Fix highlighting of byte escape sequences #15303

oxalica · 2023-07-17T14:54:30Z

Currently non-UTF8 escape sequences in byte strings and any escape sequences in byte literals are ignored.

lowr · 2023-07-18T09:37:28Z

crates/syntax/src/ast/token_ext.rs

+    // XXX: `Mode::CStr` is not supported by `unescape_literal` of ra-ap-rustc_lexer yet.
+    // Here we pretend it to be a byte string.
+    const MODE: Mode = Mode::ByteStr;


It seems unescape_literal() not supporting c strings is intentional. There's rustc_lexer::unescape::unescape_c_string() for c strings instead. See this comment for why this is the case.

I'm starting to doubt whether IsString::escaped_char_ranges() is the right abstraction as unescape_literal() and unescape_c_string() take a closure of different signature 🤔 But it's out of scope for this PR to come up with something to replace it I guess.

Can you override <CString as IsString>::escaped_char_ranges() so that it uses unescape_c_string()? Since it's only used for highlighting where the actual unescaped bytes aren't relevant, we can discard CStrUnit and pass e.g. Ok(' ') to the callback for the time being. A comment would be nice too!
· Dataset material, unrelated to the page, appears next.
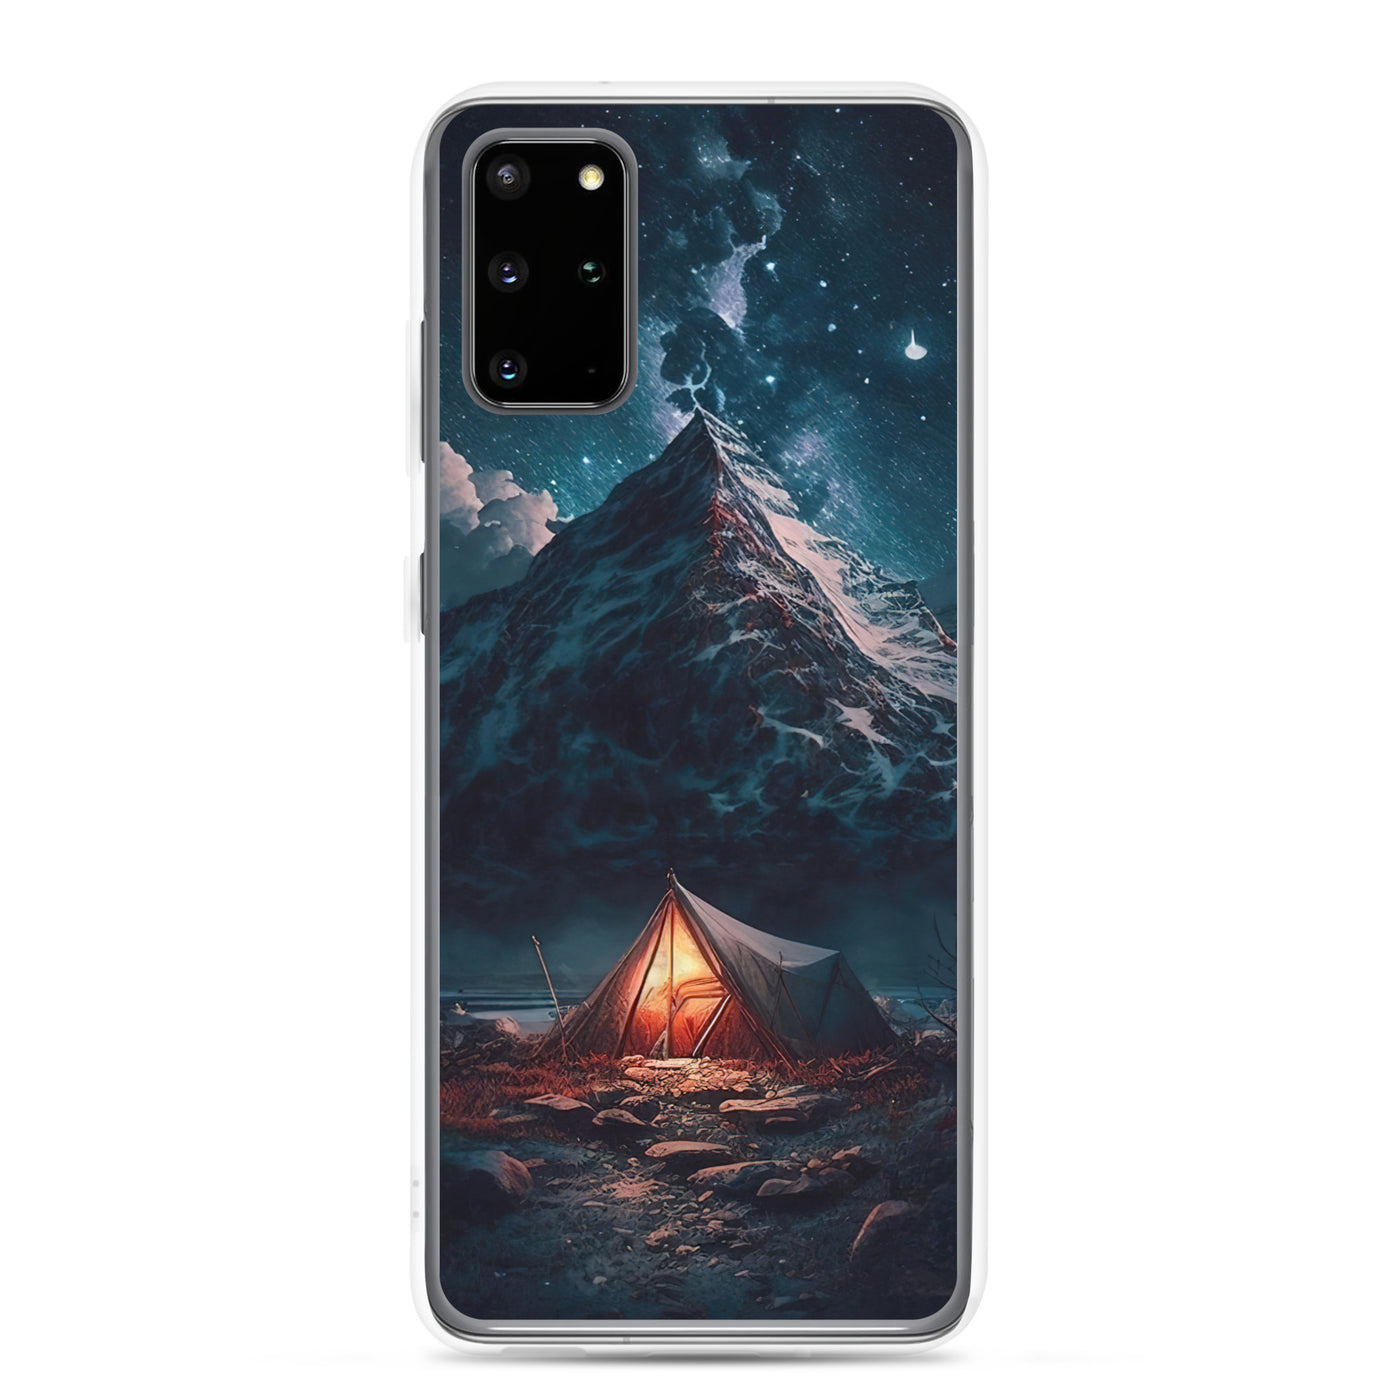 Zelt und Berg in der Nacht - Sterne am Himmel - Landschaftsmalerei - Samsung Schutzhülle (durchsichtig) camping xxx Samsung Galaxy S20 Plus
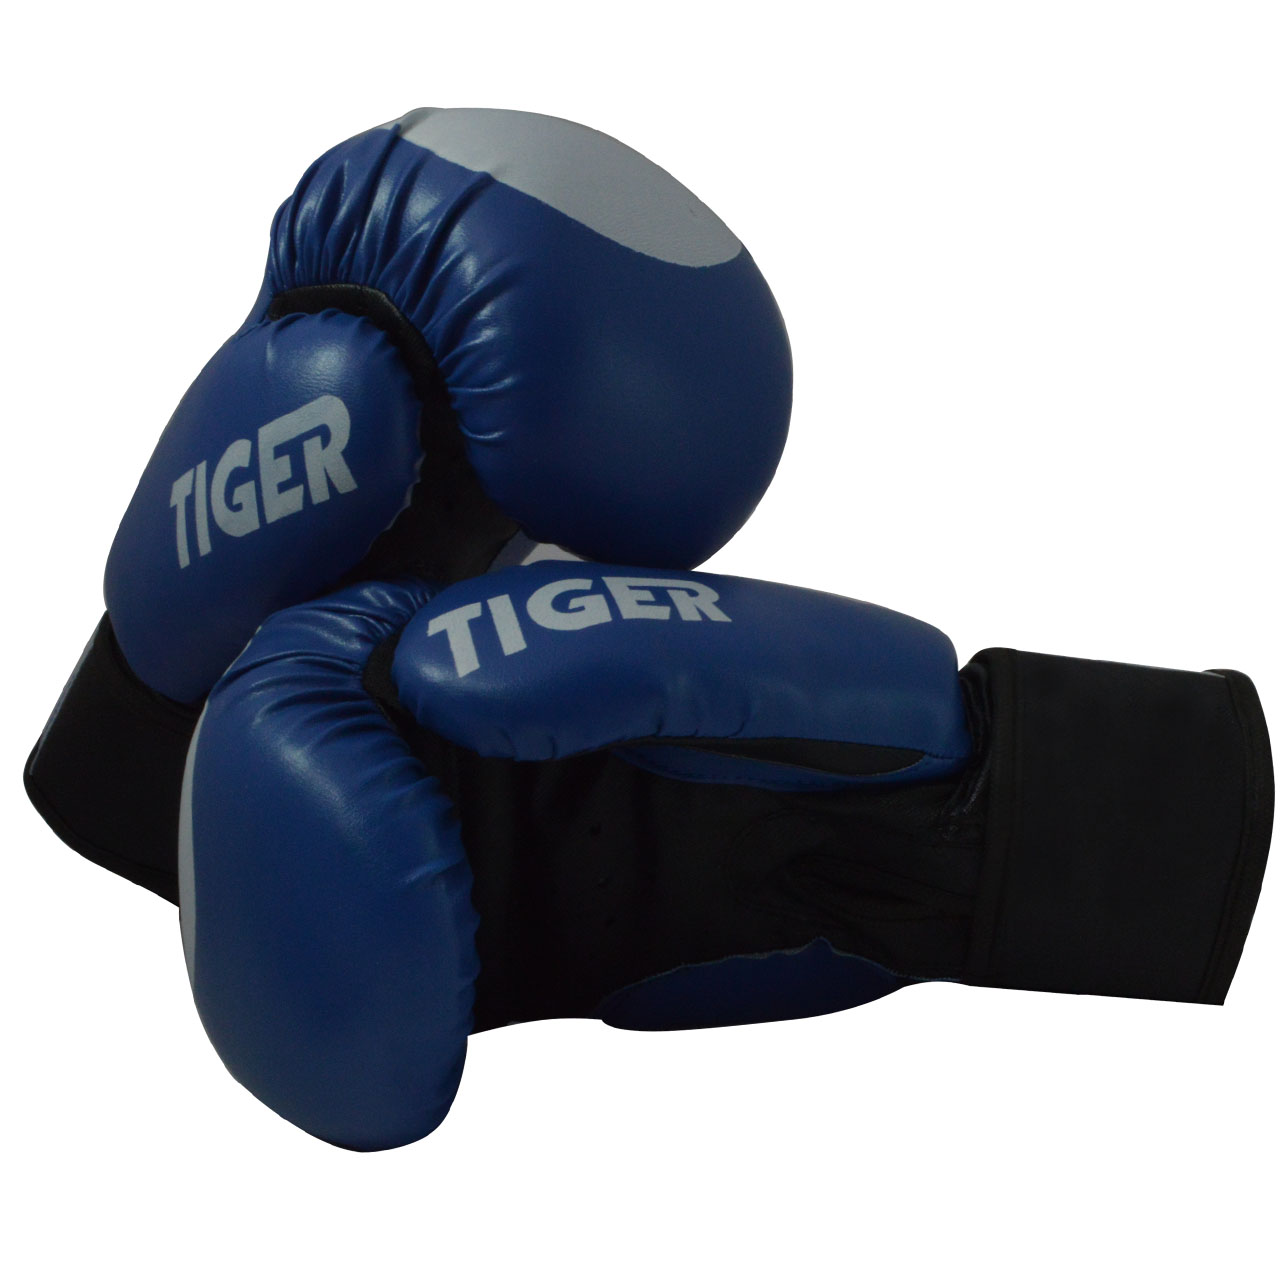 دستکش بوکس مدل Tiger 003

I'm starting to doubt whether IsString::escaped_char_ranges() is the right abstraction as unescape_literal() and unescape_c_string() take a closure of different signature thinking

I think it's "more correct" to use CStrUnit aka. Either<char, u8> for all these functions. But the name CStrUnit is exclusive and not really suitable.

But it's out of scope for this PR to come up with something to replace it I guess.

I agree.

Can you override <CString as IsString>::escaped_char_ranges() so that it uses unescape_c_string()? Since it's only used for highlighting where the actual unescaped bytes aren't relevant, we can discard CStrUnit and pass e.g. Ok(' ') to the callback for the time being. A comment would be nice too!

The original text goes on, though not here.